Ergebnis 1 bis 3 von 3
  1. #1

    Trainings und Ernärungs Plan

    Hi.
    Also ich bin 17 Jahre alt ca 180cm gross und 57kg leicht(!!)
    Seitdem ich 180 Gross bin, bin ich nie über 60kg gekommen. Ihr müsst jetzt nicht denken dass ich wie ein abgemagertes kind aussehe, da ich leichte Knochen habe, ein 6pack vorzuweisen habe und sosnt sehr gut trainiert bin, da ich mal sehr intensiv hockey gespielt habe (5 training + matches mit abschliessendem krafttraining pro woche).

    Ich esse nicht zu wenig !! Ich kann alles in mich hineeinstopfen mag es noch so fettig sein... ich nehm einfach nicht zu!!

    Ich suche nun leute die etwa das gleiche problem wie ich haben oder hatten, die dieses Problem mit einem Trainings-/Ernährungsplan losgeworden sind.
    Momentan besteht mein training aus klimmzügen rumpfbeugen und liegestützen mit abschliessendem rennen, was natürlich nicht sehr intensiv ist.
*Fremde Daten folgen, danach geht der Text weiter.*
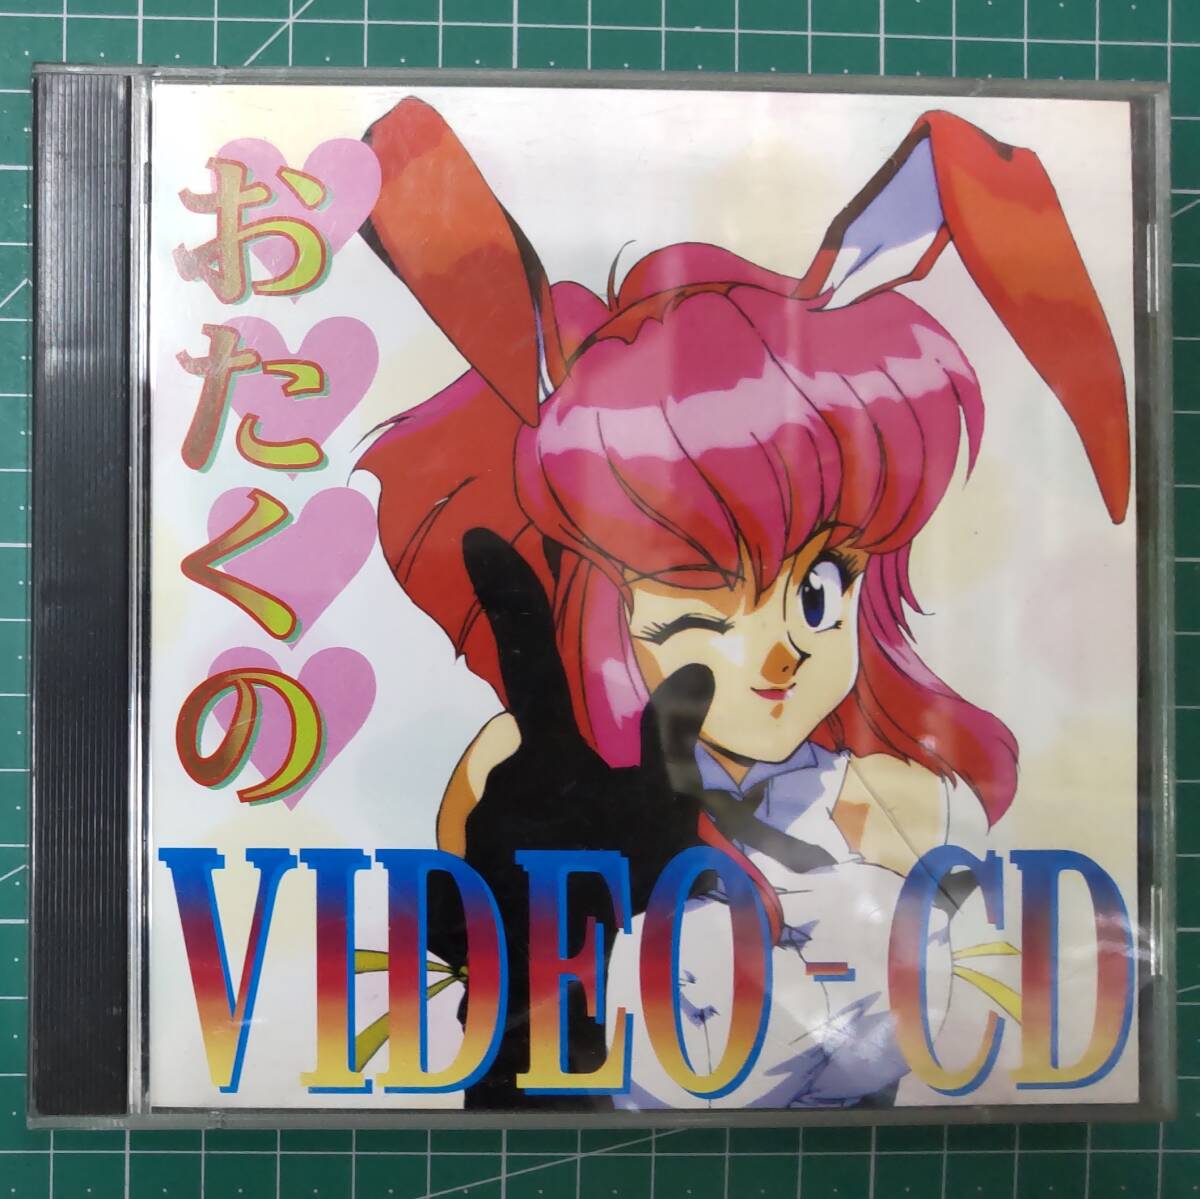 【帯付き】ビデオCD「おたくのVIDEO-CD」(おたくのビデオ1982、おたくのビデオ1985 収録) ガイナックス GVCD-004 園田健一●H3705の画像1

    Da ich informatiker bin, sitze ich eigentlich den ganzen tag nur rum.. ist das ein nachteil? was kann ich sonst noch tun?

    •   Alt

      Anzeigen

      Muskelbody.info
      Anzeigen

      |
       

  2. #2
    Hallo erstmal! Ich habe genau das selbe Problem wie du! Ich bin 17, 1,77m groß und wiege ca. 63kg was deutlich zu wenig ist! Möchte auch gerne Masse aufbauen! Schaue einfach mal in meinen Beitrag "Brauche professionelle Hilfe" da habe ich nochmal genau mein Problem reingeschrieben. Ich würde es cool finden wenn wir uns immer etwas austauschen würden da wir ja das gleiche Problem haben!

    MFG Alex

  3. #3
    stauffi, die Einnahme von viel Fett einzunehmen (oder Süssigkeiten, auch ein weit verbreiteter Irrtum) wird dir nichthelfen, Masse aufzubauen.
    Iss regelmässig (5 bis 6mal pro Tag) und halte dich an Haferflocken, Teigwaren, Kartoffeln (auch ausgezeichnet für unterwegs!), Reis und dunkles Brot. Derartige Energielieferanten sind zuverlässig und reichen für eine längere Zeit aus. LASS KEINEN HUNGER AUFKOMMEN! Vor sportlichen Aktivitäten sorgt eine Banane für die nötigen schnellen Kalorien. Nachher eignen sich Fruchtsäfte und Obst, um die Energiereserven wieder aufzufüllen.
    Achte auch auf eine ausreichende Eiweisszufuhr. 1,5 bis 2g pro kg Körpergewicht pro Tag sollten zur Gewohnheit werden. Milchprodukte, Eier, Fleisch, Fisch und Geflügel sind zum Beispiel Eiweissquellen.
    Nun zum Training: Trainingspläne wirst du hier wie Sand am Meer finden. Suche dir am besten einen aus, poste ihn hier hinein und wir können eine Diskussion starten.